## Task to complete:
Strip out the pictures and output each remaining line of the data word for word.

## Provided data:
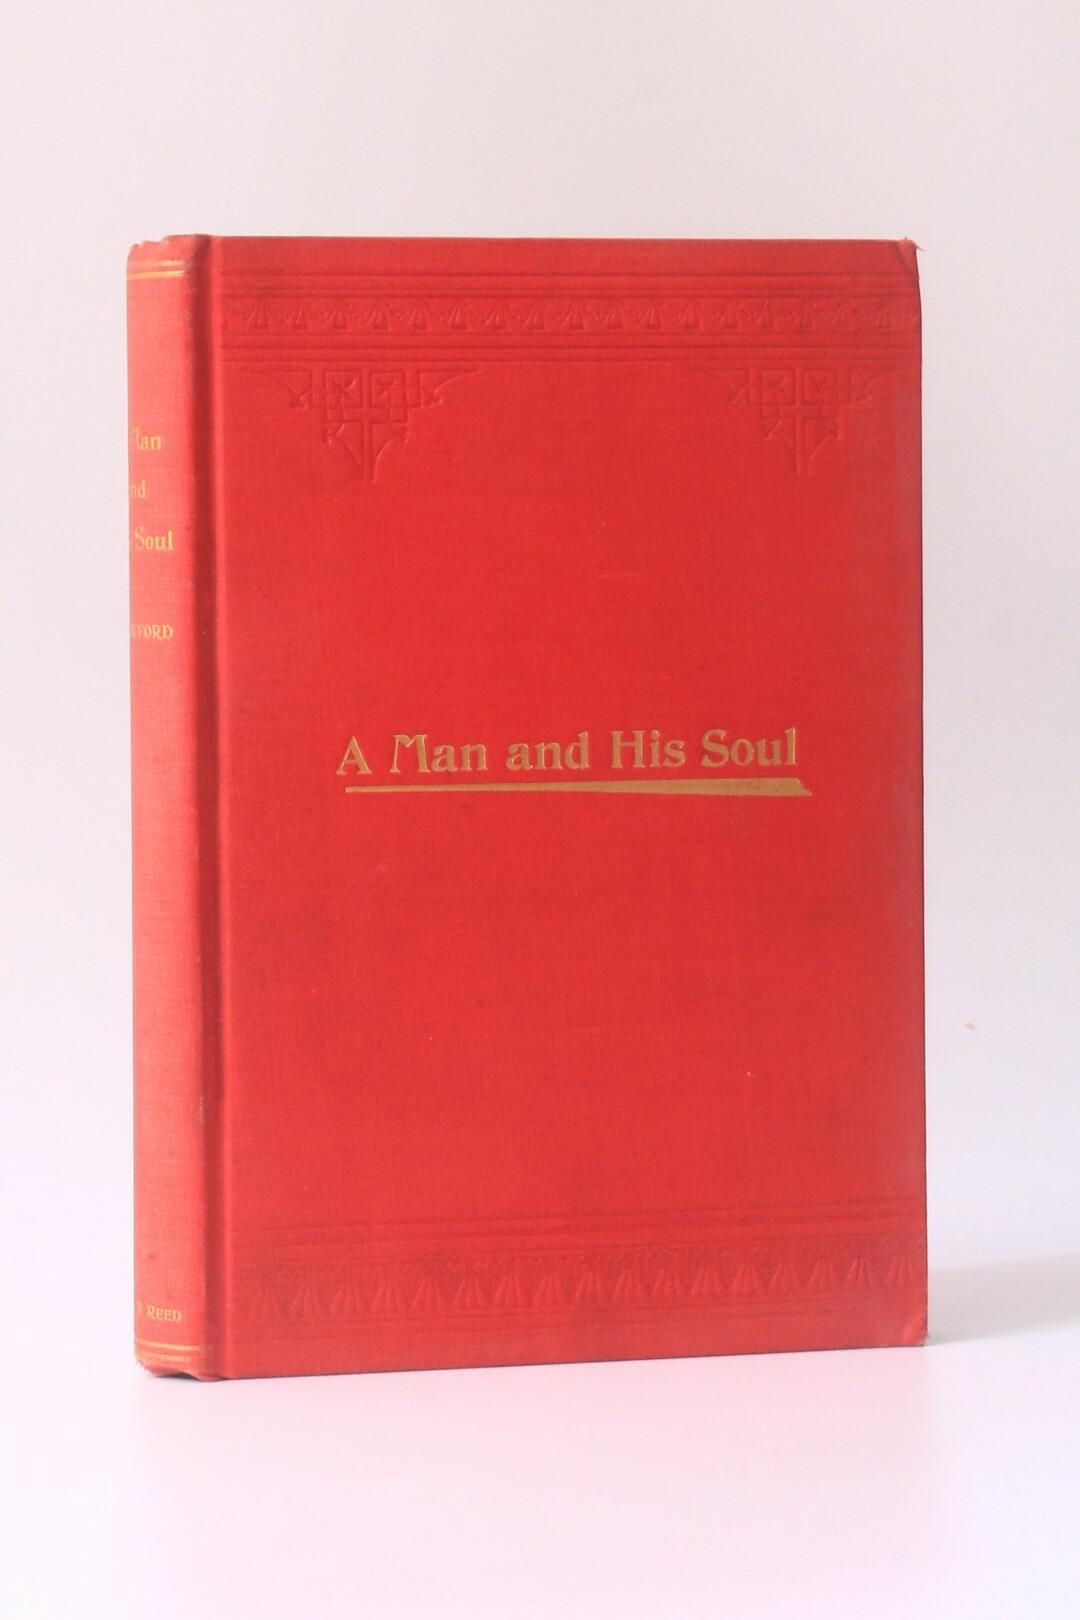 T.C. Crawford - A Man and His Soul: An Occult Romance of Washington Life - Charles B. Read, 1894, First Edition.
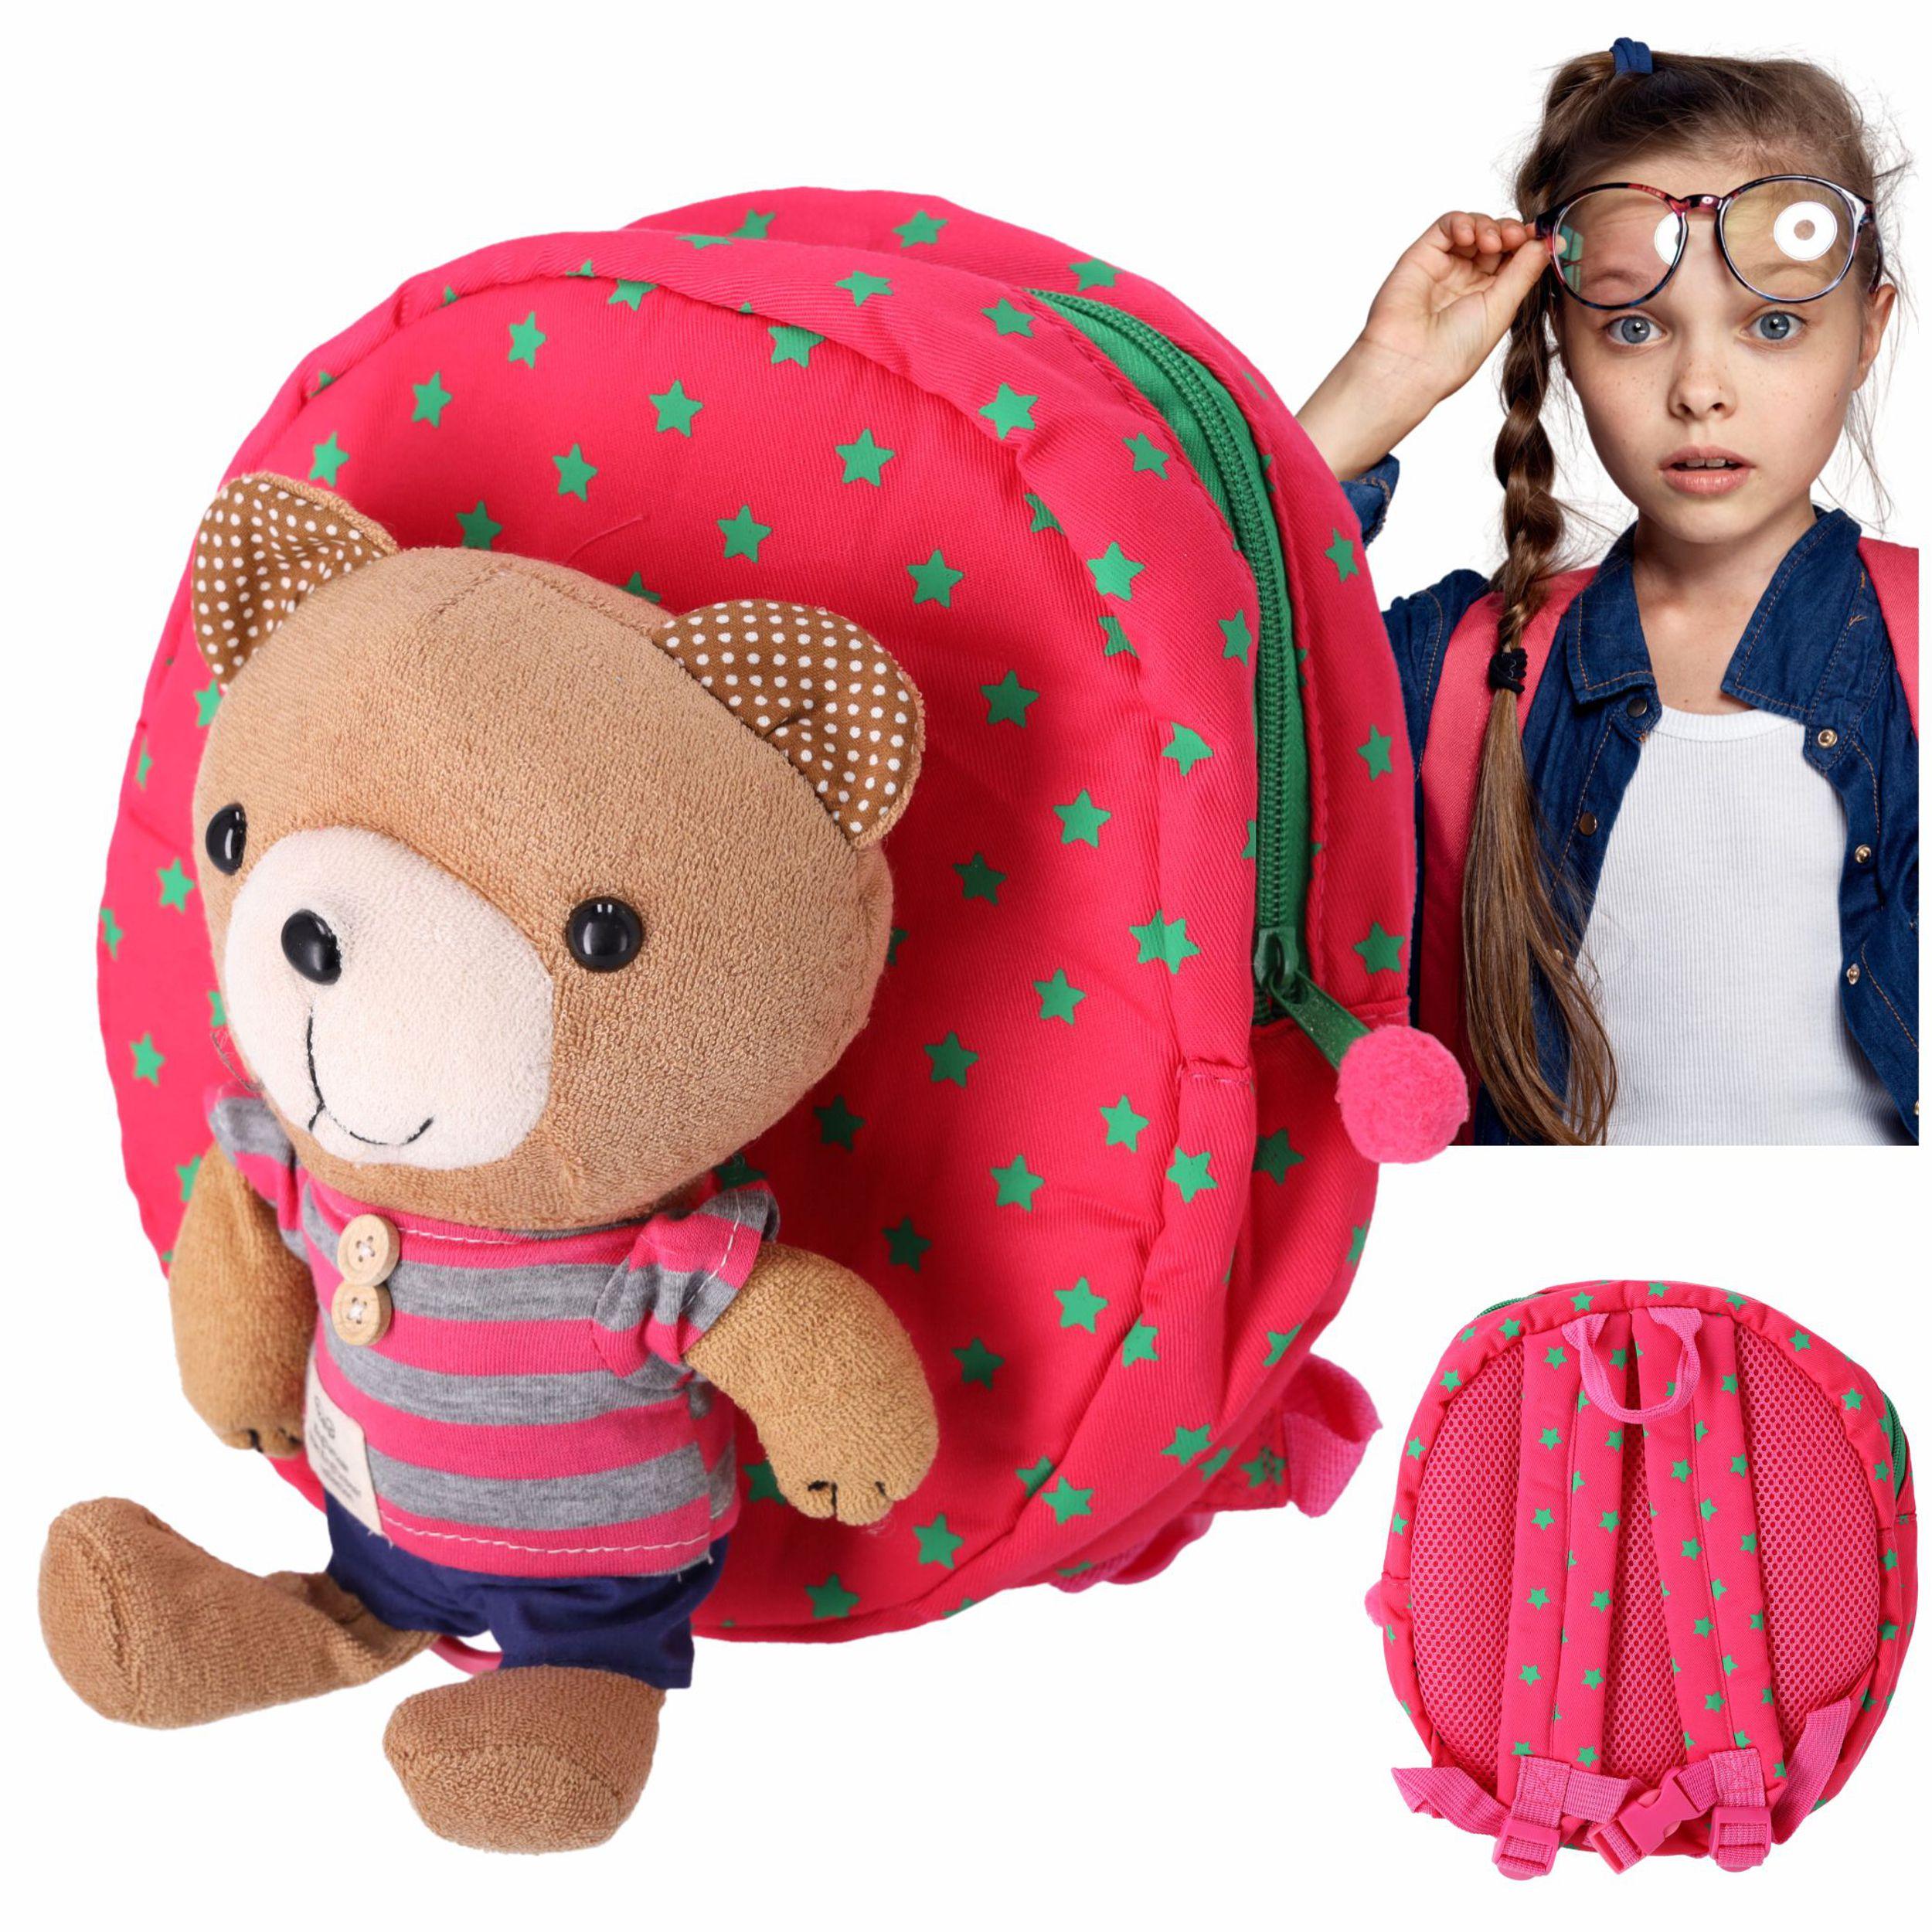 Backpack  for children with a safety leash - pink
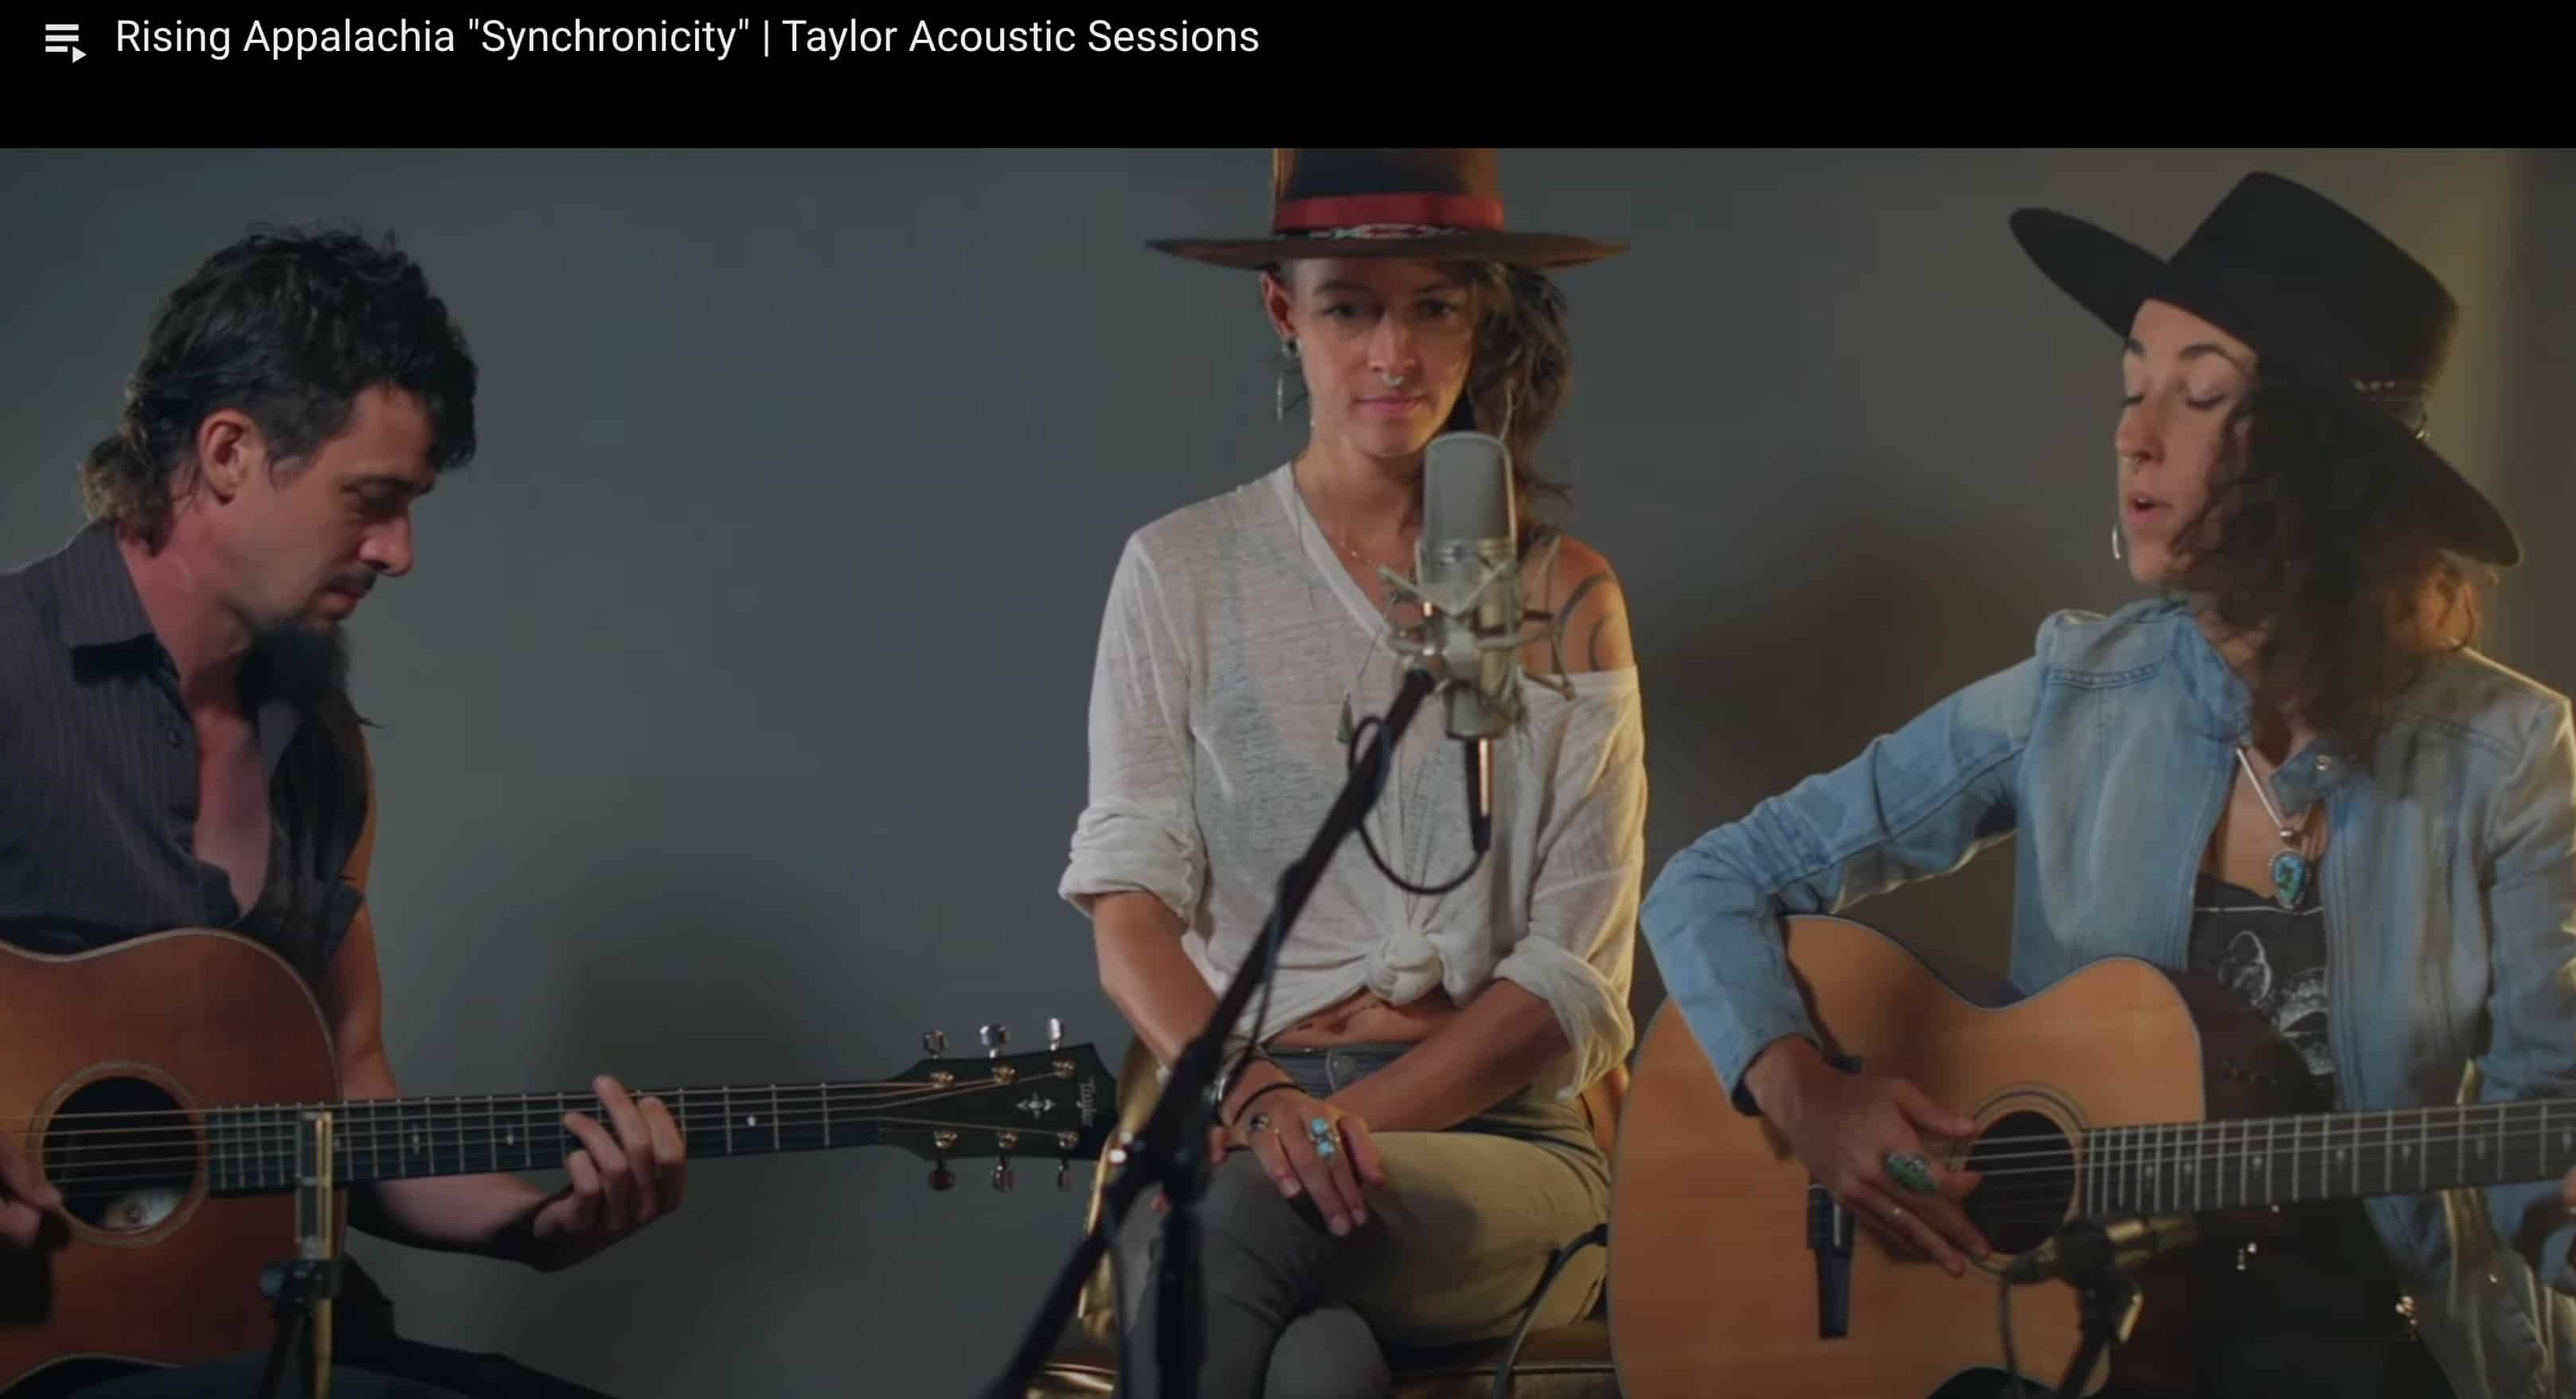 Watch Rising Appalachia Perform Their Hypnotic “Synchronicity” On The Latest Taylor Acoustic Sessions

## Exercise answer:
 T.C. Crawford - A Man and His Soul: An Occult Romance of Washington Life - Charles B. Read, 1894, First Edition.
 Backpack  for children with a safety leash - pink
 Watch Rising Appalachia Perform Their Hypnotic “Synchronicity” On The Latest Taylor Acoustic Sessions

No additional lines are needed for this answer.